The Detroit News posted that the cases were reported between January 1st and March 31st, and the 246 residents had a positive test for 14 or more days after the last required dose of the vaccine.
Lynn Sutfin, a spokeswoman for the Michigan Department of Health and Human Services said in an email: “Some of these individuals may ultimately be excluded from this list due to continuing to test positive from a recent infection prior to being fully vaccinated.
“These cases are undergoing further review to determine if they meet other CDC criteria for determination of potential breakthrough, including the absence of a positive antigen or PCR test less than 45 days prior to the post-vaccination positive test.
“In general, these persons have been more likely to be asymptomatic or mildly symptomatic compared with vaccinated persons.”
Sutfin said that the department had hospitalisation data for 117 of the cases, but 129 were incomplete.
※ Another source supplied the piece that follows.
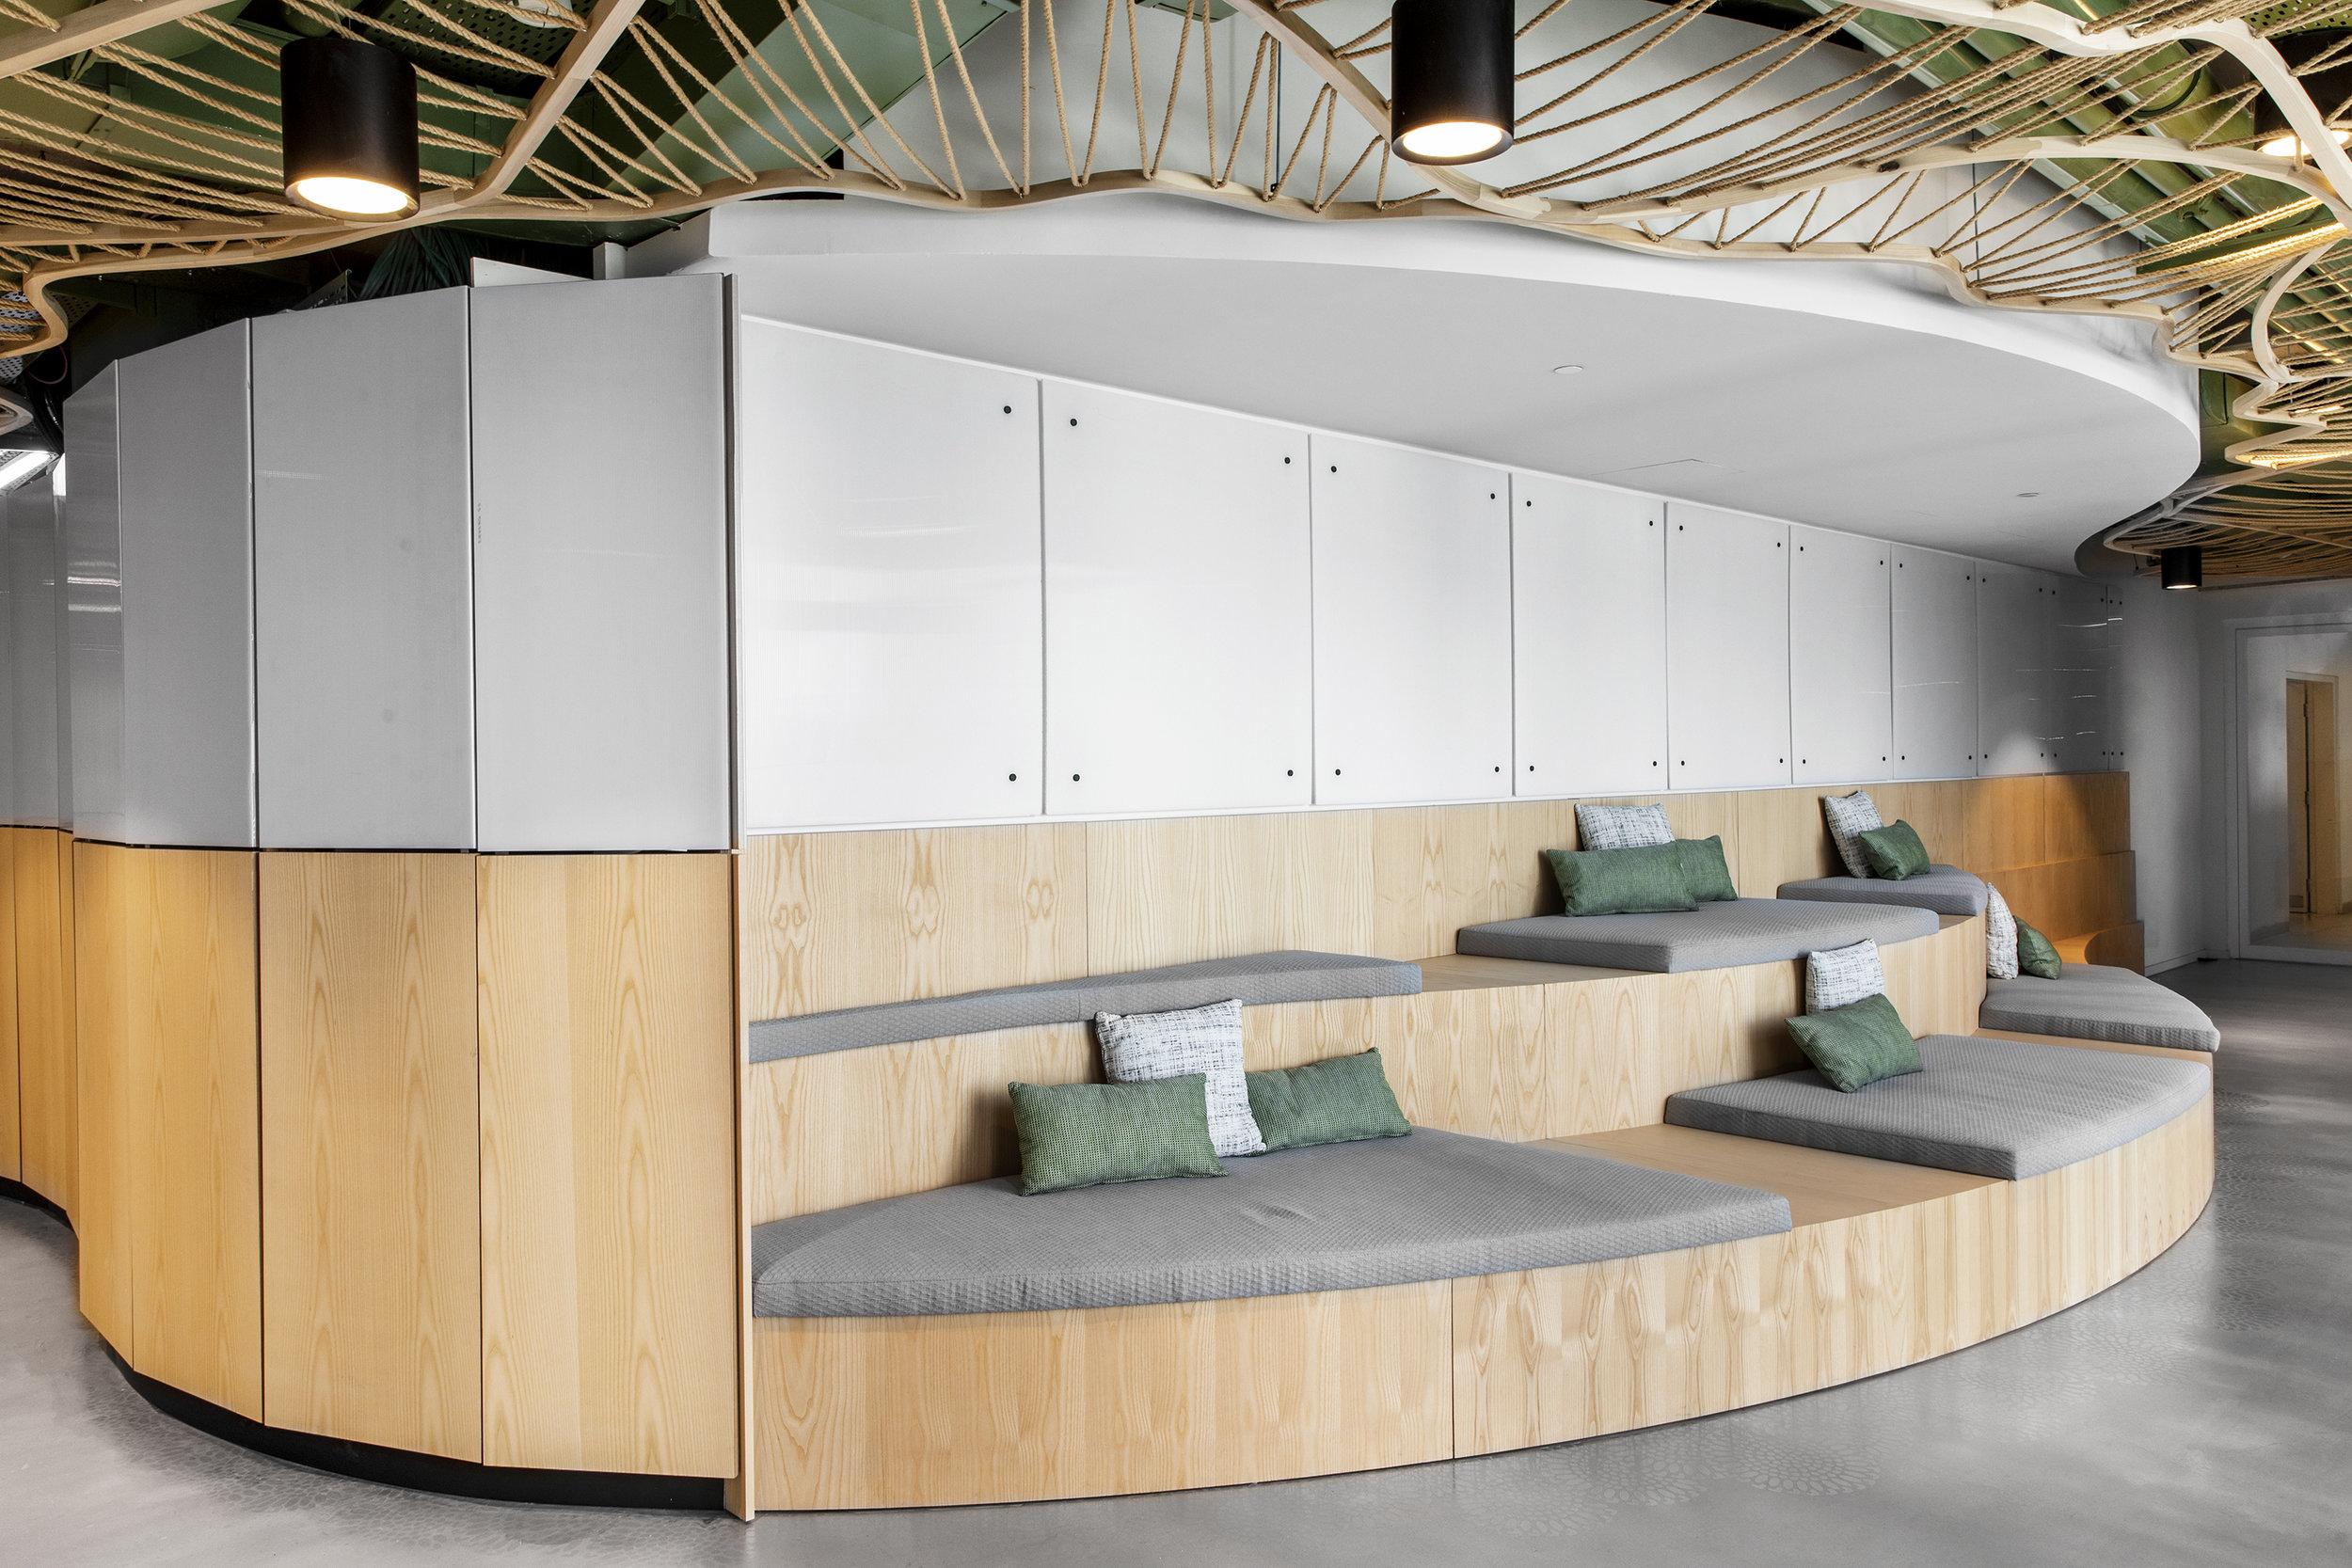 HINNOMAN - ROY DAVID ARCHTECTURE - STUDIO - סטודיו רואי דוד - אדריכלים (32).jpg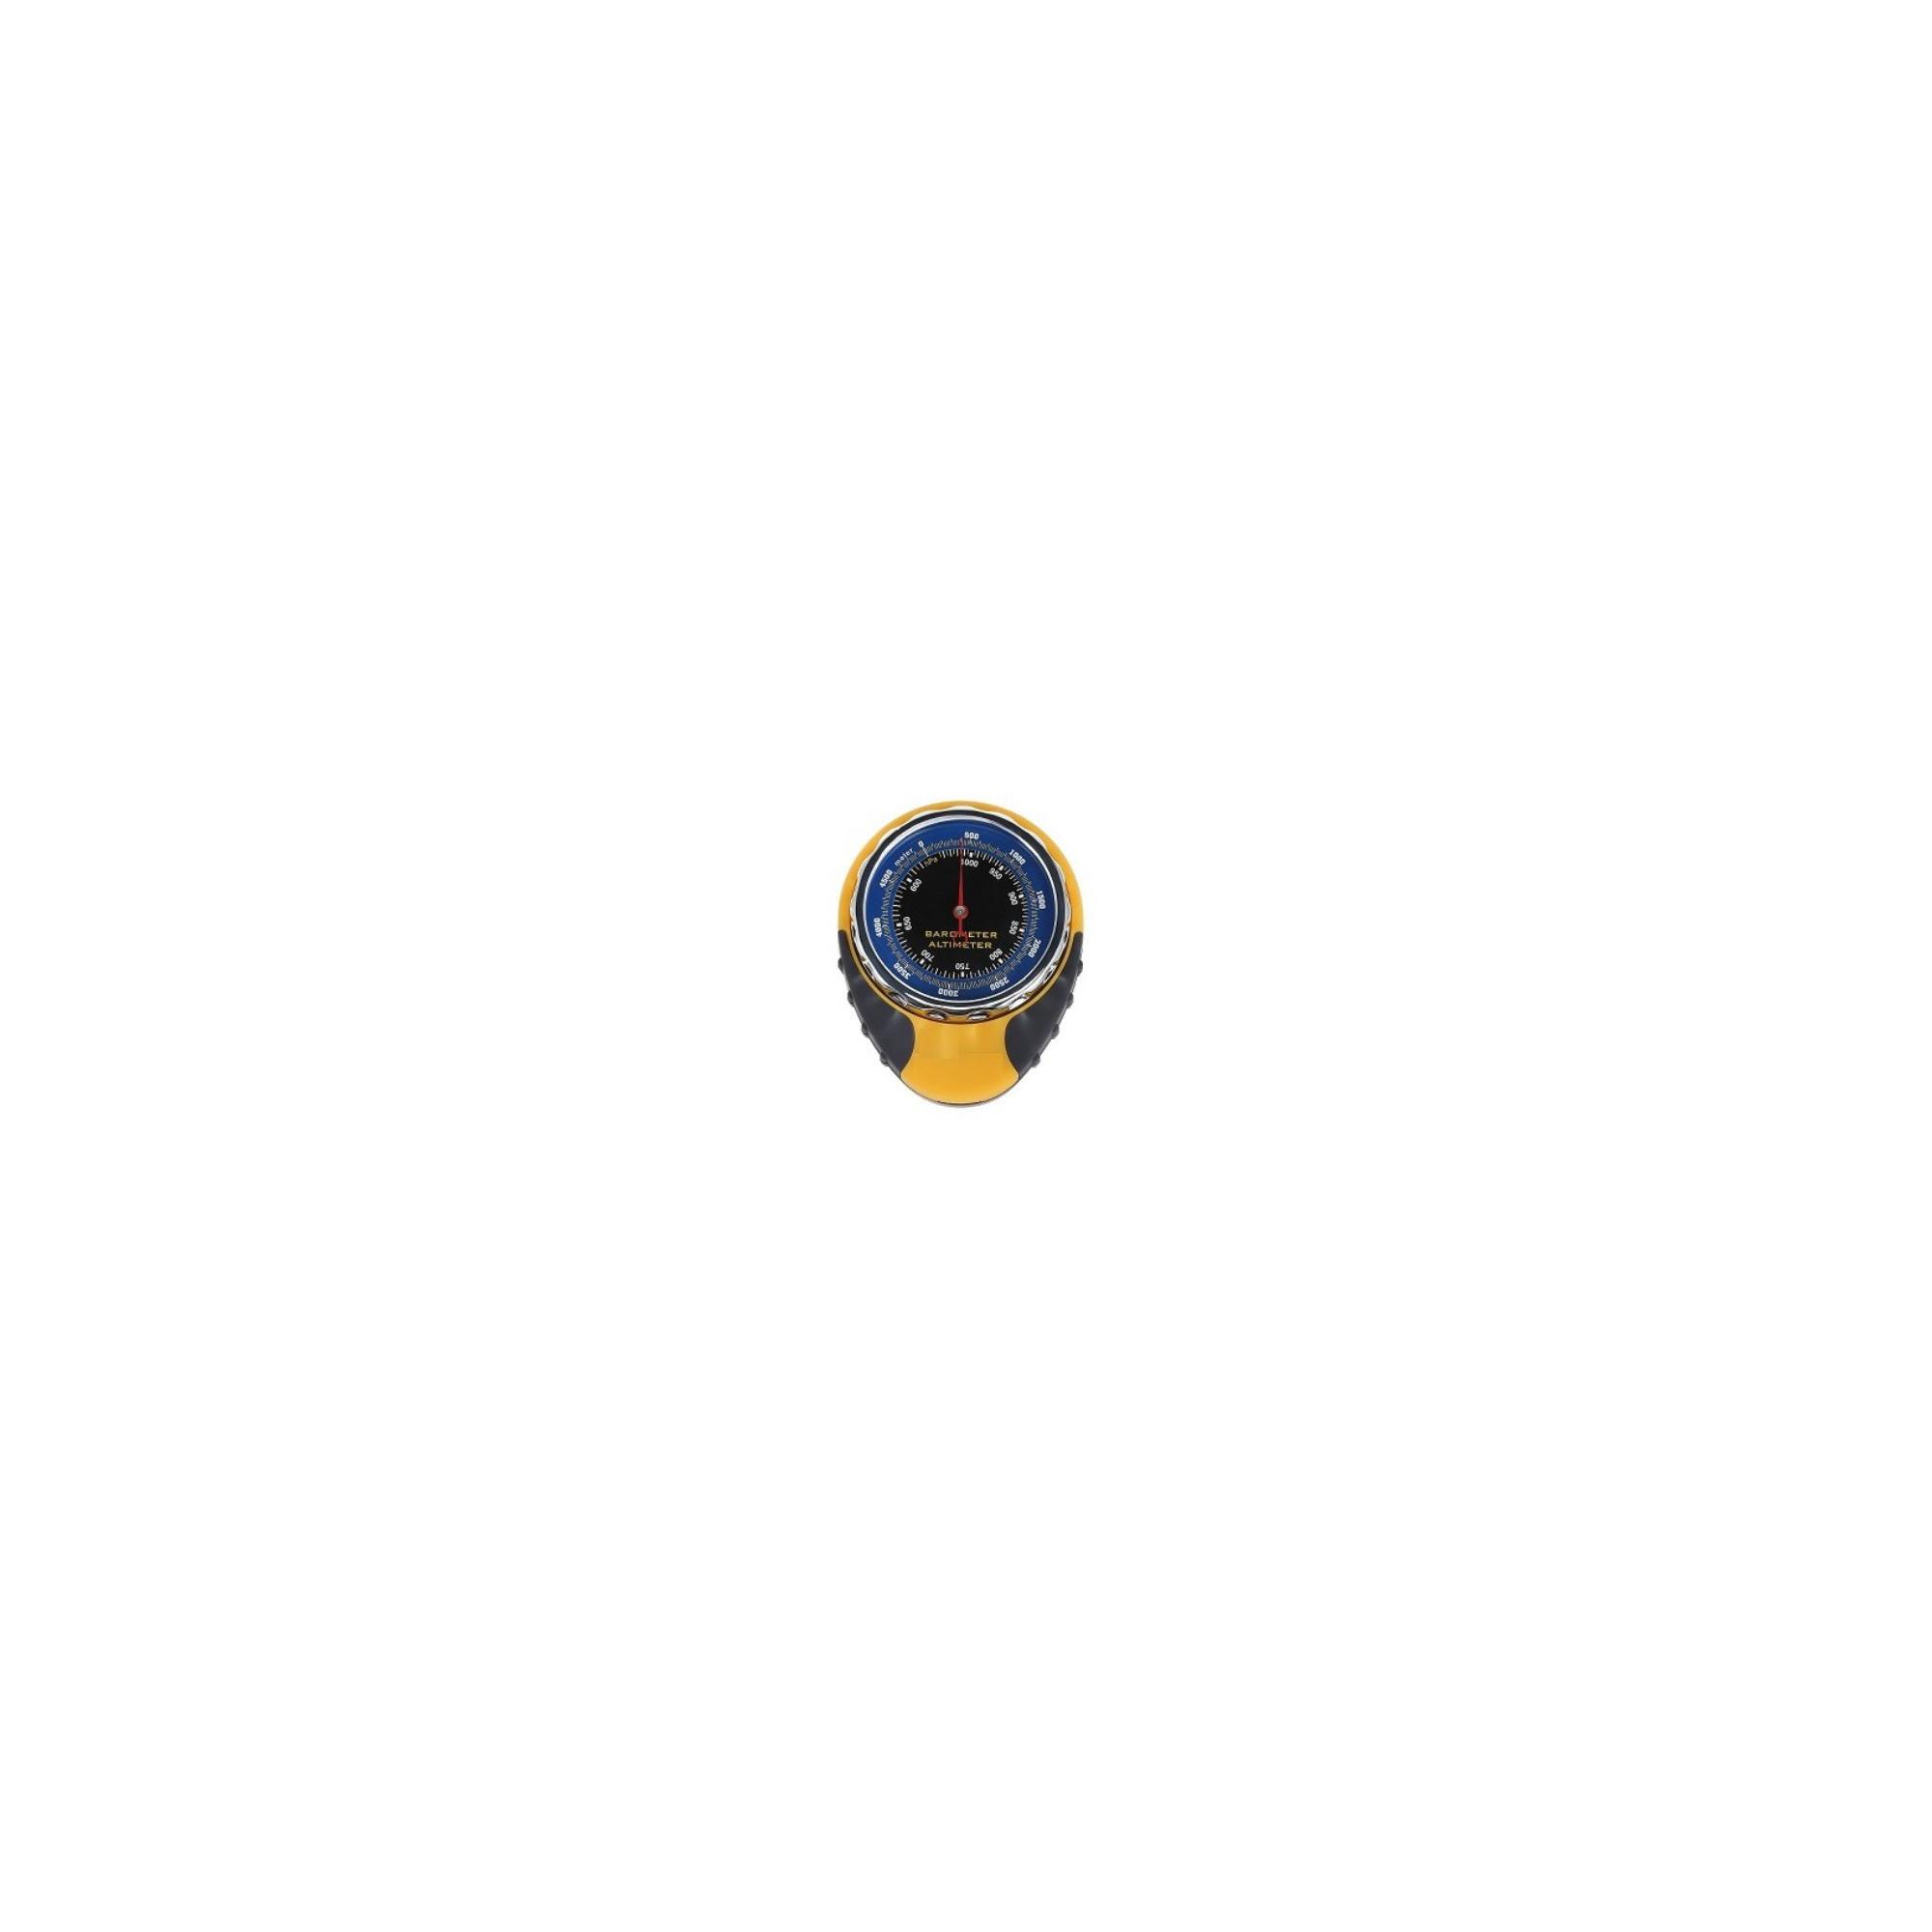 ALTÍMETRO 0 - 5000 M

She said that of the 117 with hospitalisation data entered, 11 were hospitalised, 103 were not, and three are reported as unknown.
All three reported deaths were “persons 65 years or older” and two of which occurred within two weeks of a second vaccine dose.
“While the majority of the population develops full immunity within 14 days of completion of their vaccine series, a small proportion appear to take longer to mount a full antibody response.
“CDC is actively working to better understand the risk characteristics of this group.”
This news was announced as Michigan figures of COVID-19 cases are believed to be rising, with officials pushing for the public to get vaccinated.
According to the Michigan state website, since April 4th, an estimated 2.95 million residents – approximately 36.5% of Michigan’s population – have been vaccinated, with either a single dose or both doses.
These reports of infections after the vaccine should make the public question the efficacy and safety of COVID vaccines and hopefully encourage them to reconsider getting the jab for a virus that has a 99.8% recovery rate.